* [Dataset content]
= Beginning of Section =

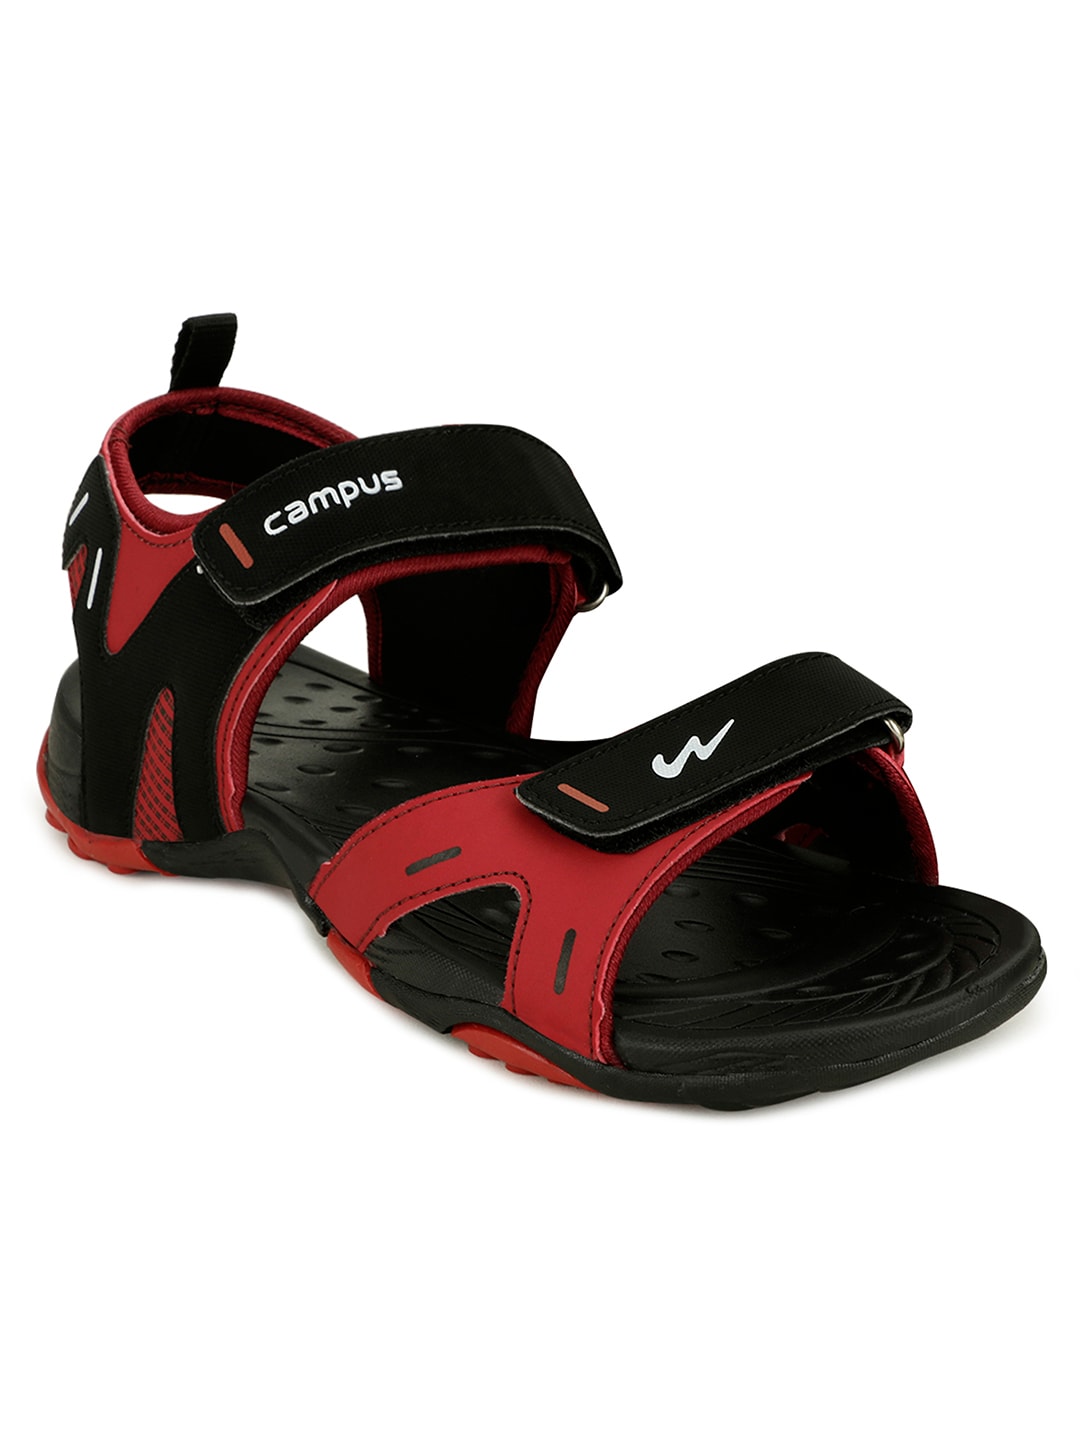 Campus Men's GC-2207 RED/L.GRY Sandal 10-UK/India : Amazon.in: Fashion
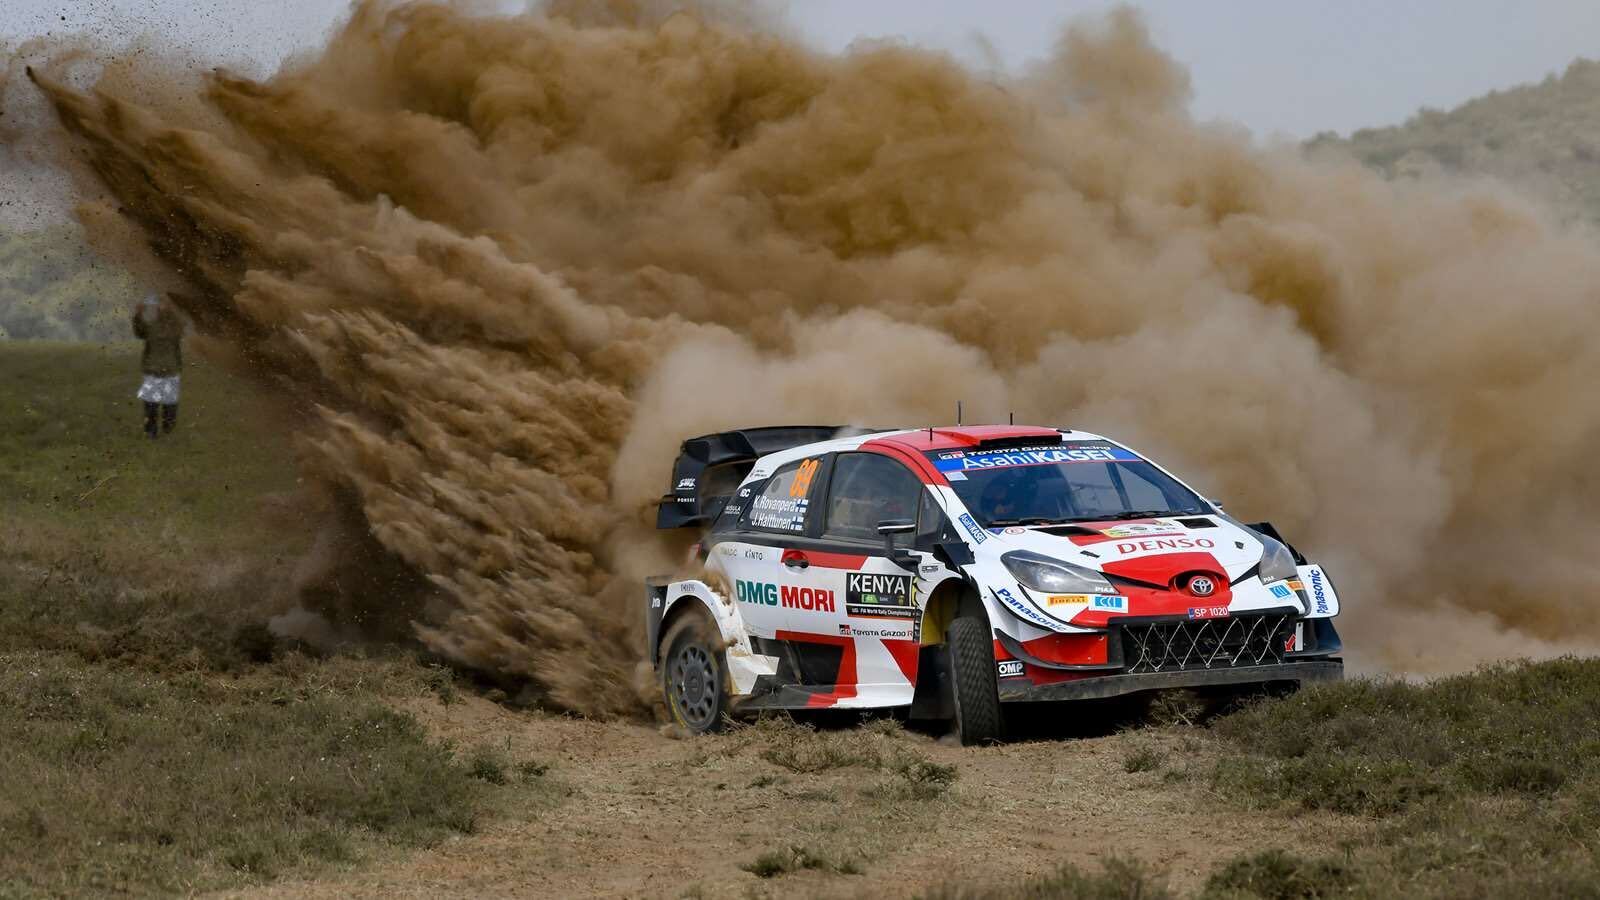 WRC Safari Rally places fans’ enjoyment, safety as top priority
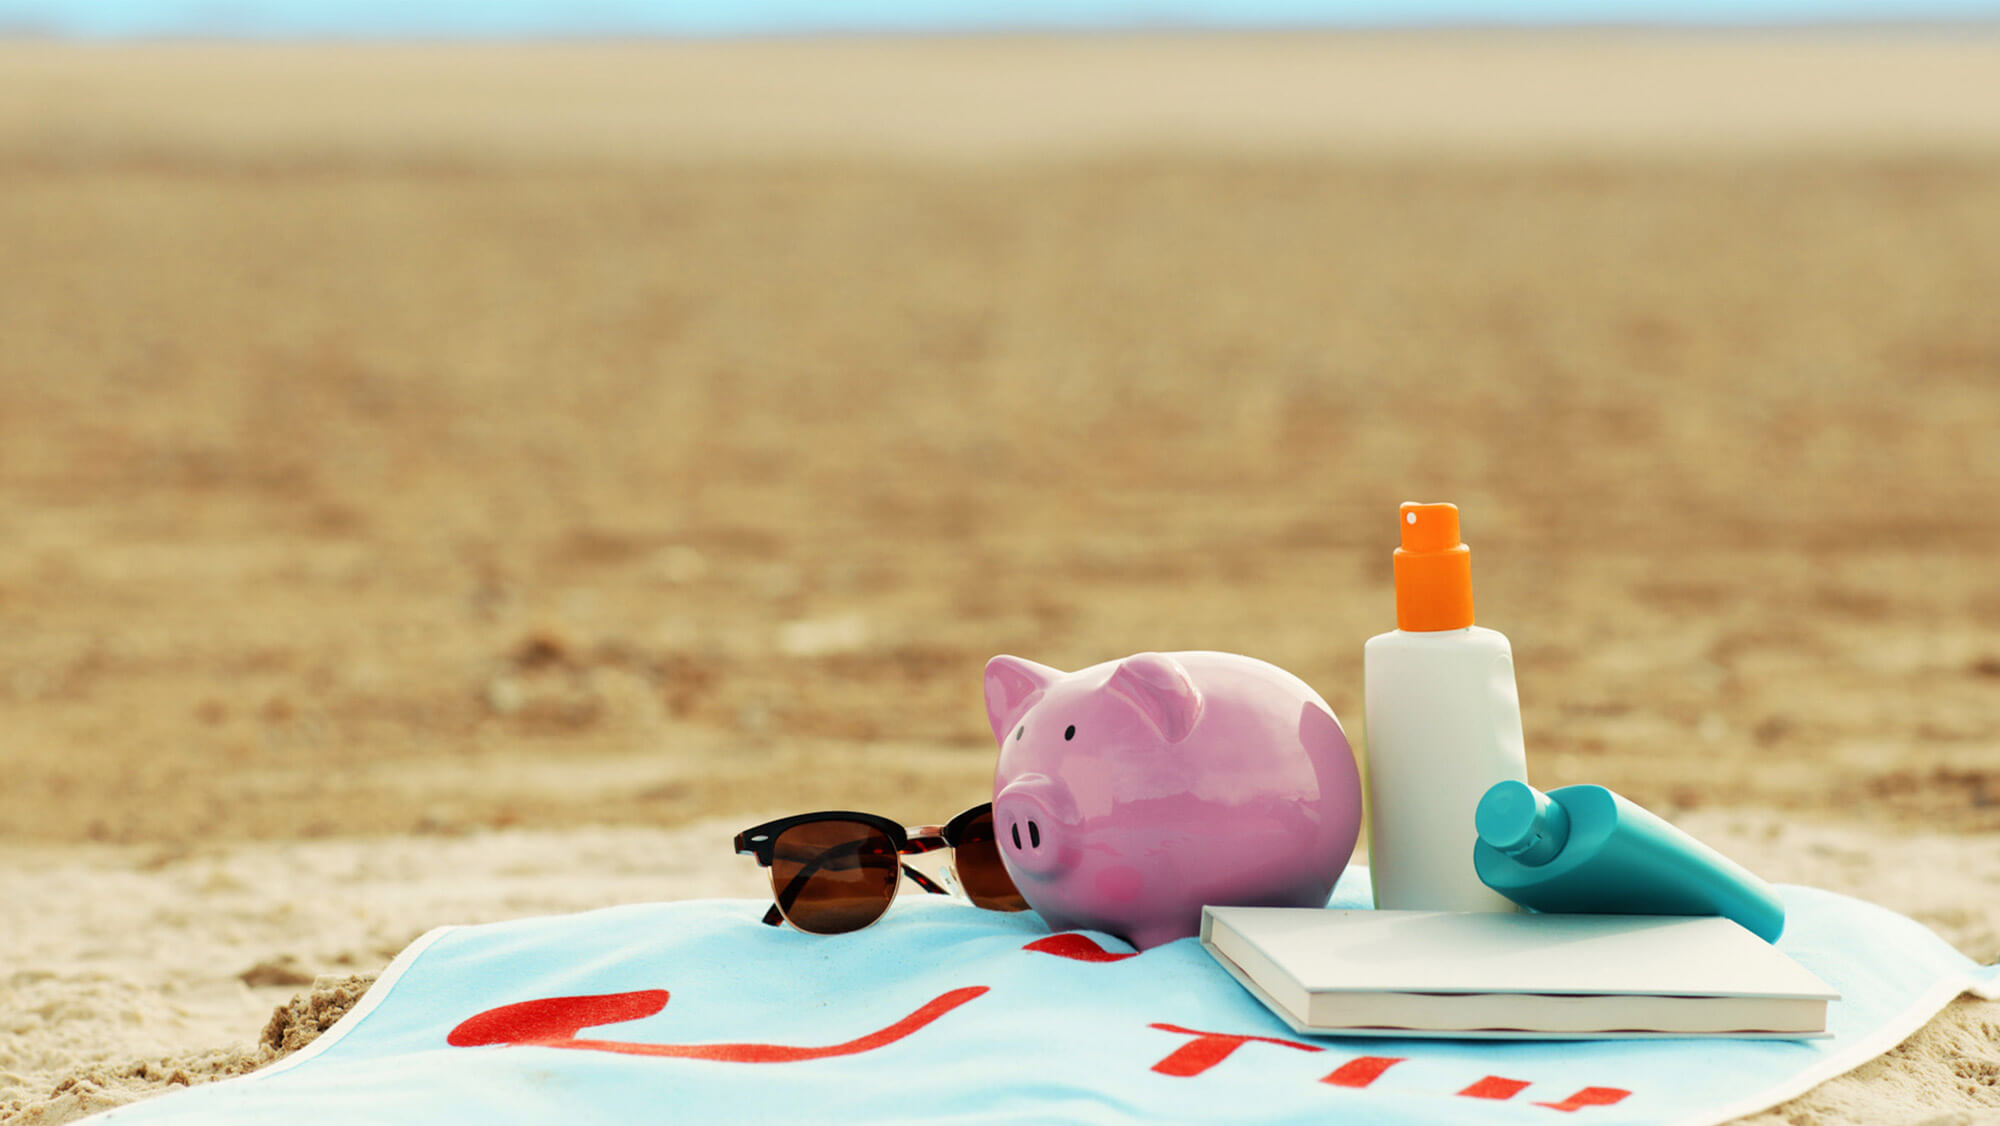 Piggy bank, sunglasses, sun cream and book on a beach towel in our Live Happy video for TUI and The Sun, from the Rise Media case studies archive

= End of Section =

* [Exercise directions]
Once the pictures are set aside, repeat the data above exactly as written.

* [Exercise answer]
 Campus Men's GC-2207 RED/L.GRY Sandal 10-UK/India : Amazon.in: Fashion
 WRC Safari Rally places fans’ enjoyment, safety as top priority
 Piggy bank, sunglasses, sun cream and book on a beach towel in our Live Happy video for TUI and The Sun, from the Rise Media case studies archive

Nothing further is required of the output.